An artistic view of electric power wires
Electric power wires – a neighborhood boon or blight? That was the question artist Eiji Sumi was trying to ask when he installed “Densen/Plus a” at Koi Art Gallery in Bangkok last month. The installation featured a mix of still life paintings, drawings, sculpture and photography that created an electrifying space within the gallery. And indeed, in Japan and other countries there have recently been calls to bury underground the electrical lines that cloud skylines and disrupt otherwise clear views. In Japan especially – a nation prone to earthquakes and falling cable lines, one wonders why the task hasn’t been completed already.
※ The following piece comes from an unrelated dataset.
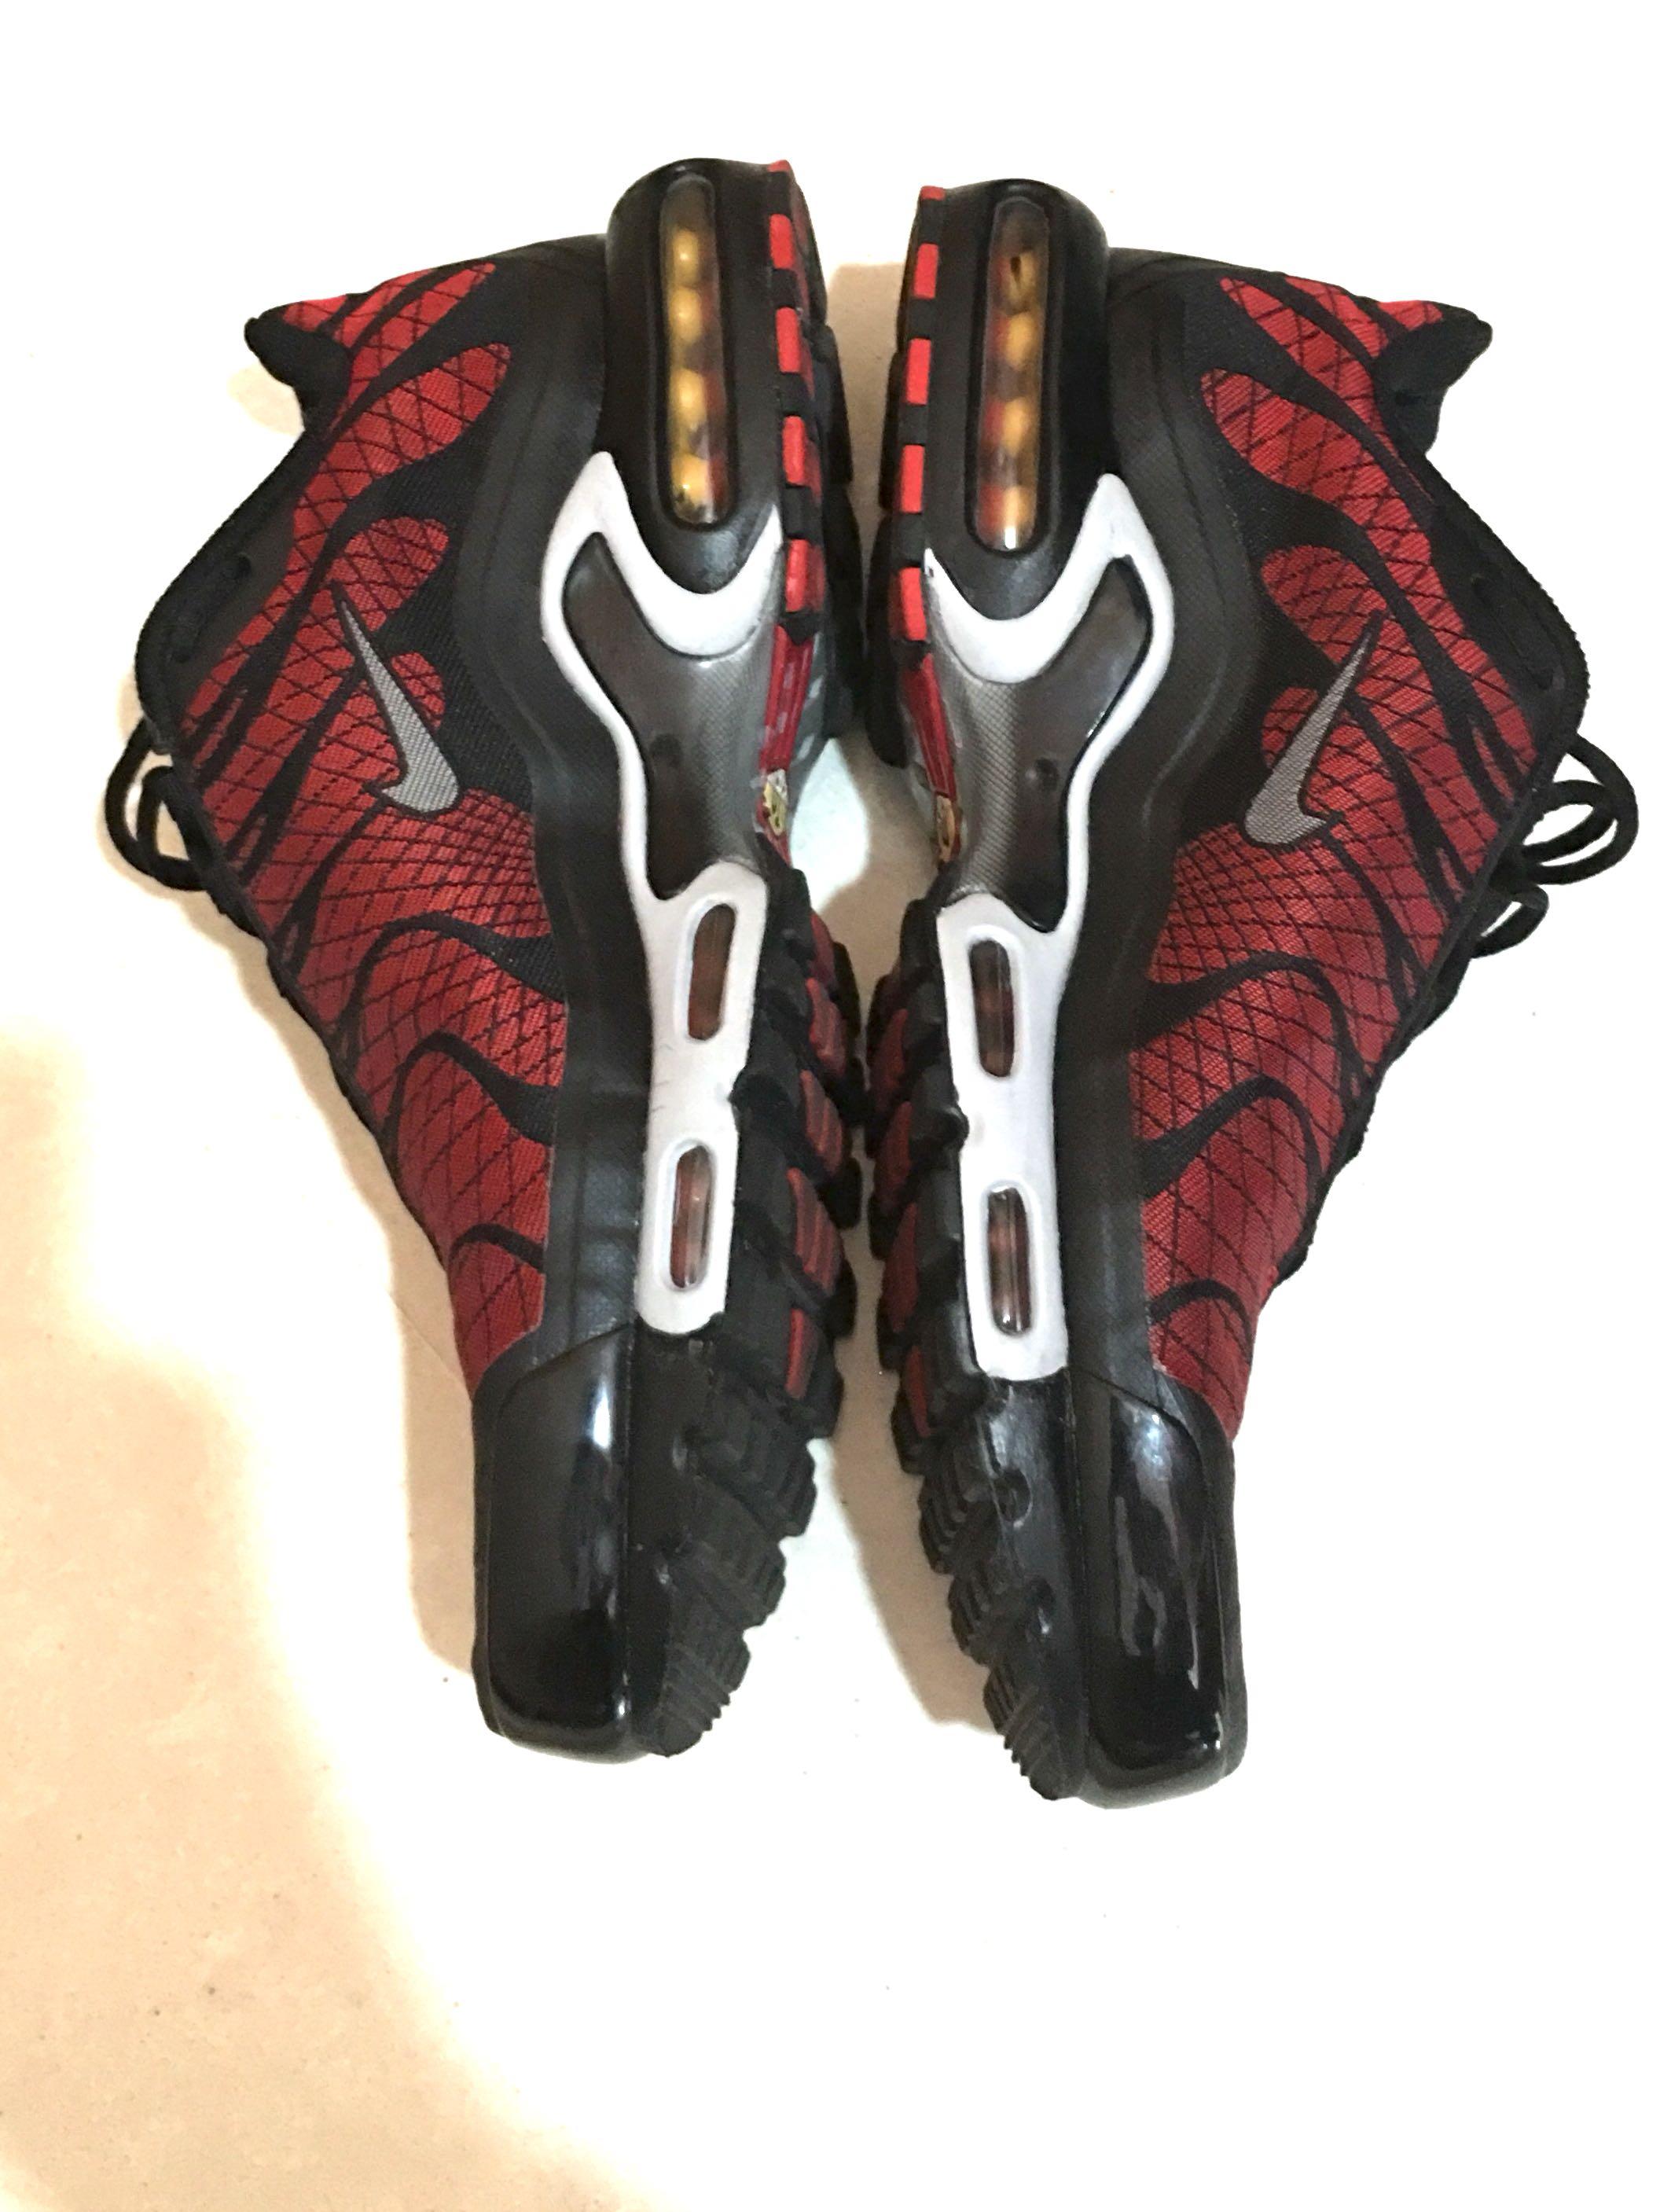 2bfaa750a0 Nike Air Max Plus TN Jacquard, Sports, Sports Apparel on Carousell

As it turns out, the “No Wire Movement” has slowly been progressing throughout Japan. But not only does the infrastructure project come with a hefty price tag, but some argue that it’s actually better to keep them within reach, instead of burying them in hard-to-reach places. When the Great Hanshin Earthquake struck Japan in 1995, power was restored relatively quickly because most electric poles remained standing and it was easy to patch the wires back together. But if the wires had been buried under rubble it could have taken much longer to dig them out and then repair them, potentially stifling the recovery.
Visitors will undoubtedly be turned off by the ubiquitous cables that are almost impossible to hide from. But for those who have spent many years in Japan, this may not be the case. For me personally, electric power wires have become so engrained in my psyche that I find them rather nostalgic, if not downright comforting. What do you think? To bury or not to bury?